Non solo: lui stesso diventa vittima dell’irrazionale, proprio quando lei sembra essere guarita dalle sue paure. Lei lo irride, in quella stessa scena, scoprendolo vittima di sogni “stranissimi”: non era mica morto Freud, e irrilevanti per la psicologia moderna i sogni (quindi l’irrazionale)?
NATURA
La Natura ha un ruolo di primissimo piano, e lo si capisce già in una delle prime scene, in ospedale. Vicino al letto dove lei è sdraiata, la telecamera inquadra un vaso di piante e gli si avvicina sempre più, ostinatamente, mentre i due protagonisti sembrano scomparire sullo sfondo. Alcune scene, poi, sono intervallate da immagini di rami e cespugli, di natura selvaggia e cupa, come una sorta di anticipazione del teatro dove si svolgerà l’epilogo della vicenda.

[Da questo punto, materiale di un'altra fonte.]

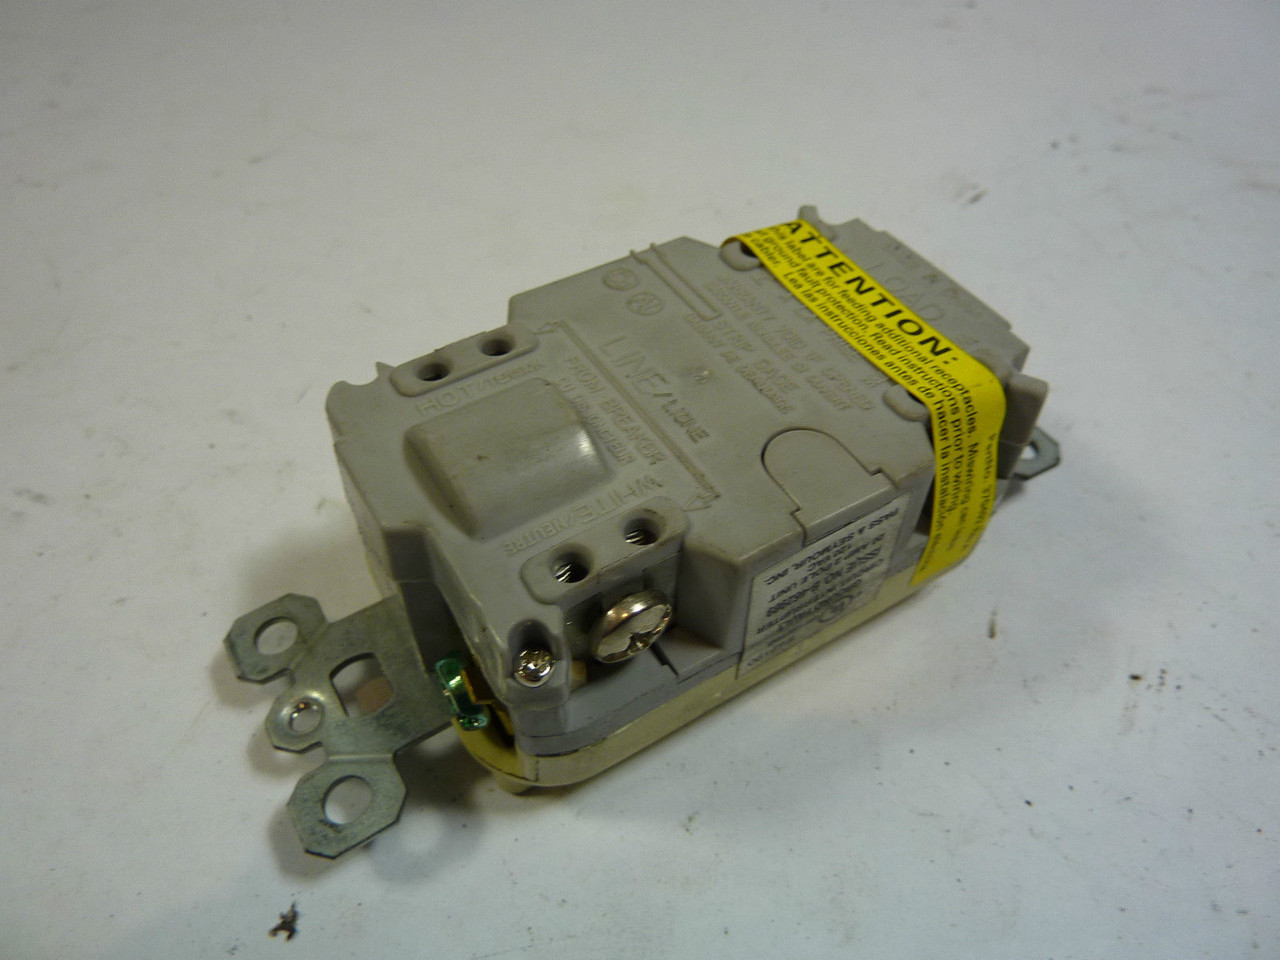 Pass Seymour B-462989 Receptacle 20 Amp 120V USED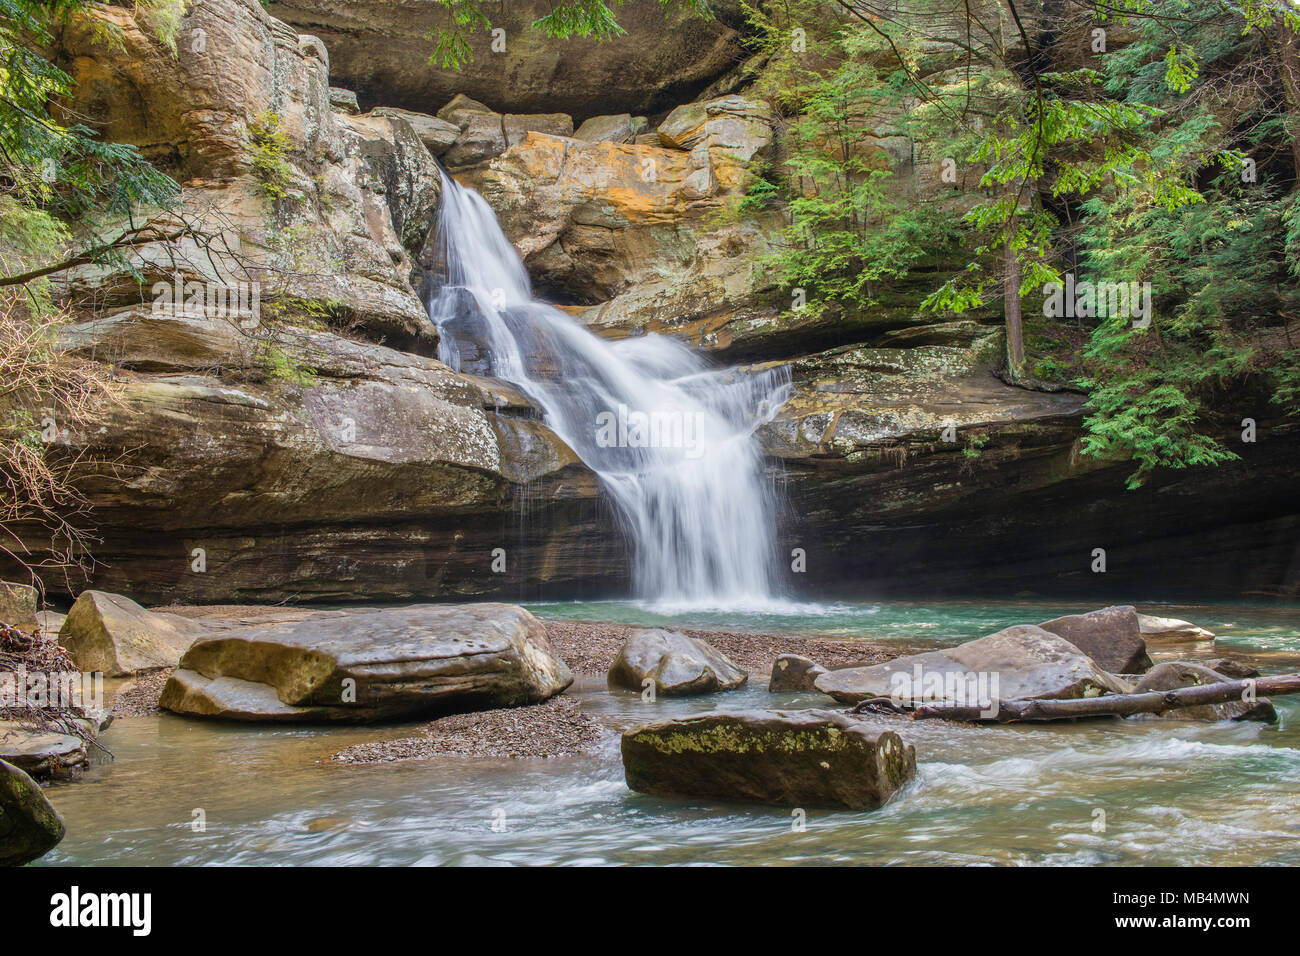 Cedar Falls located in Hocking Hills State Park. Stock Photo

Lei, interrogata sulle sue paure, nomina il posto che, in assoluto, la terrorizza maggiormente: il bosco che circonda la loro casa in campagna. Il suo nome (Eden Garden) è un riferimento chiarissimo alla Bibbia e allo stato di natura dell’uomo e della donna. E’ il luogo dove i due iniziano a scoprire la verità sul male che li perseguita, è il primo passo del loro percorso di conoscenza (schematizzato da lui su un foglietto: BOSCO -> NATURA -> SATANA -> ME). Il bosco rappresenta la natura “esterna” all’uomo, ma non è che la visione riduttiva di ciò di cui lei ha davvero paura: la Natura che non è soltanto fuori, ma anche, e soprattutto, dentro di noi (”Quel tipo di Natura“). La Natura delle cose che, lentamente, periscono, il pianto universale delle creature che sono intrappolate in un ciclo di morte e dolore. Gli stessi animali che appaiono come visioni nel corso del film sono i simboli di una Natura malata, perversa, dove è il caos a regnare e dove i genitori uccidono e mangiano i figli. Lui stesso se ne rende conto e, nonostante la sua ostentata razionalità (”E’ tutto molto commovente, se fosse un libro per bambini: le ghiande non piangono“, ecc.), è proprio lo spettatore principale di queste inquietanti apparizioni.
SATANA
“La Natura è la chiesa di Satana“, dice lei in uno dei momenti più intensi dell’intero film. Lo stesso titolo, Antichrist, suggerisce una chiave di lettura di questo tipo, su cui tuttavia i media hanno insistito fin troppo, finendo per appiattire l’intero film su questa interpretazione. L’intero mondo, sembra suggerire questa interpretazione, è comandato dalle leggi di Satana, quindi dal male. La natura è malvagia, e così lo stesso uomo.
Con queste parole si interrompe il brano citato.